Ada juga yang berkomentar, "Kalau sesuatu yang tidak kena PPN 12% dikatakan kabar gembira sama salah satu instansi negara, berarti negara sendiri tau PPN 12% ini emang bukan kebijakan bagus, yet tetep dilanjutin."

3 dari 4 halaman

Prabowo Diminta Turun Tangan

Kanal News Liputan6.com melaporkan, menurut Pengamat Ekonomi Universitas Muhammadiyah Bengkulu, Surya Vandiantara, Presiden Prabowo Subianto perlu turun tangan menunda kenaikan PPN 12 persen. Kenaikan tarif PPN mulai 1 Januari 2025 memang telah diatur dalam Undang-Undang Nomor 7 Tahun 2021 tentang Harmonisasi Peraturan Perpajakan (HPP).

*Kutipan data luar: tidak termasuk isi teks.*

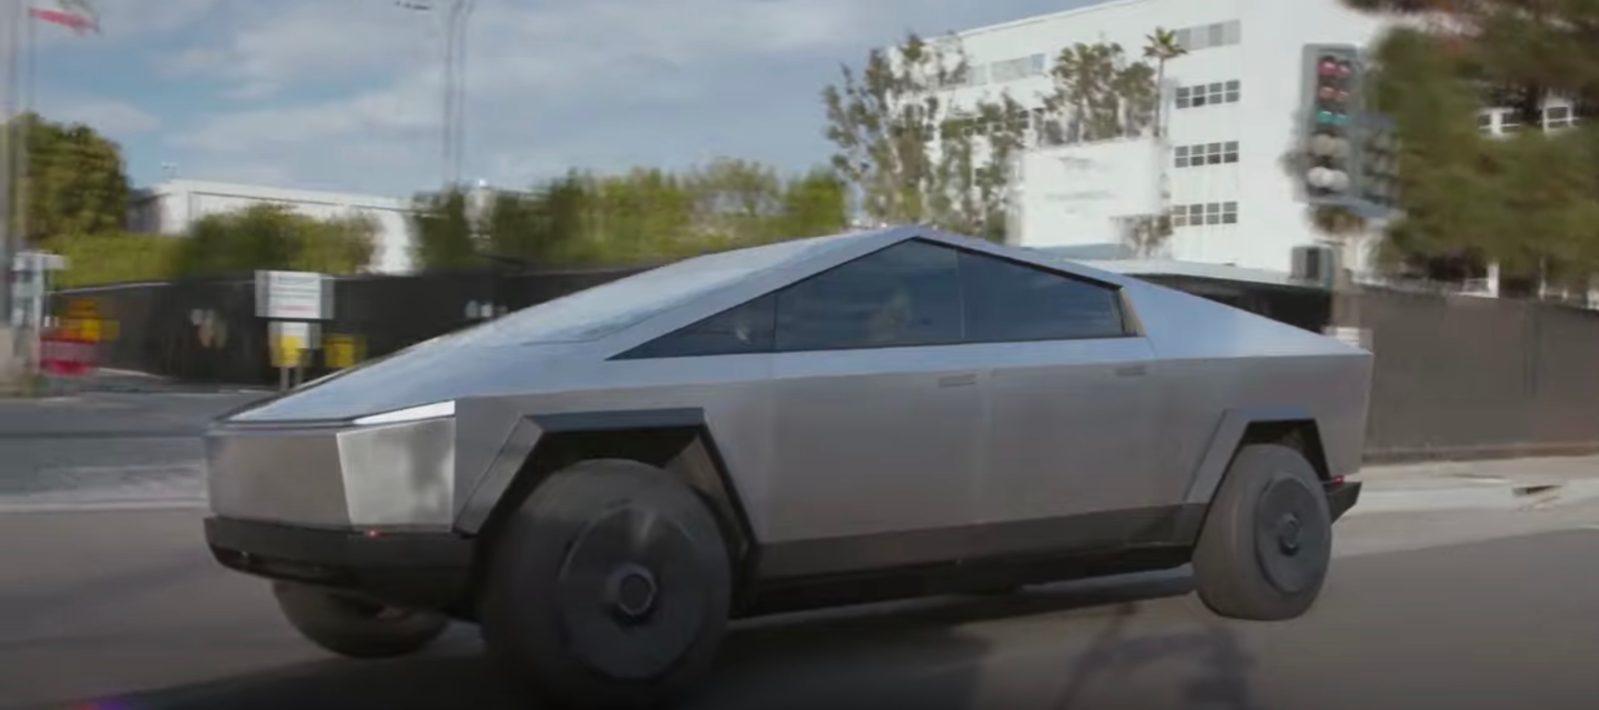 Elon Musk on Tesla Cybertruck: 'The goal is to kick most ...

Namun, ketentuan itu bisa dengan mudah diubah jika ada kemauan politik dari Presiden Prabowo lewat Anggaran Pendapatan dan Belanja Negara Perubahan (APBN-P) 2025. "Tersedia ruang untuk pemerintah mengajukan RAPBN Penyesuaian apabila ada perubahan kebijakan-kebijakan fiskal," kata Surya, Kamis, 26 Desember 2024.

UU HPP yang disahkan di era Presiden Joko Widodo pun telah memberi ruang bagi perubahan tarif PPN. Dalam pasal 7 ayat (3) UU HPP, diatur bahwa tarif PPN dapat diubah paling rendah lima persen dan paling tinggi 15 persen.

Selanjutnya, dalam pasal 7 ayat (4) UU HPP dijelaskan bahwa perubahan tarif PPN diatur dengan peraturan pemerintah, setelah disampaikan pemerintah pada DPR untuk dibahas dan disepakati dalam penyusunan RAPBN. "Pemerintahan Presiden Prabowo dapat menyesuaikan tarif PPN 12 persen melalui mekanisme APBN Perubahan," kata Surya. 

4 dari 4 halaman

Kemauan Politik dari Prabowo

Surya menambahkan, dalam UU APBN 2025 juga tersedia ruang bagi pemerintah mengajukan RAPBN perubahan, apabila terdapat perubahan-perubahan kebijakan fiskal. Hal itu secara tegas diatur dalam Pasal 42 UU APBN 2025. Ia pun meyakini, Presiden Prabowo akan mendapat dukungan penuh dari DPR jika mengajukan perubahan ini. 

Sebab, hampir seluruh fraksi di DPR kini adalah bagian dari koalisi pemerintahan Prabowo-Gibran. Setelah RAPBN disetujui menjadi UU APBN, pemerintah tinggal menerbitkan PP tentang tarif PPN. "Artinya, hanya butuh kemauan politik dari Presiden Prabowo untuk membatalkan kenaikan PPN," tegas dia.

Senada, Direktur Eksekutif Institute for Development of Economics and Finance (Indef), Esther Sri Astuti, mengusulkan Presiden Prabowo mempertimbangkan penerbitan Peraturan Pemerintah Pengganti Undang-Undang (Perppu) untuk menunda kenaikan PPN. Menurutnya, langkah ini tidak hanya legal, tapi juga realistis, mengingat kondisi ekonomi saat ini yang masih lesu.

"Ini soal kemauan politik. Penerbitan Perppu memungkinkan pemerintah menunda kebijakan tersebut karena daya beli masyarakat belum pulih. Jika dipaksakan, kenaikan PPN justru bisa memperlambat pemulihan ekonomi," ujar Esther pada wartawan, Kamis, 26 Desember 2024.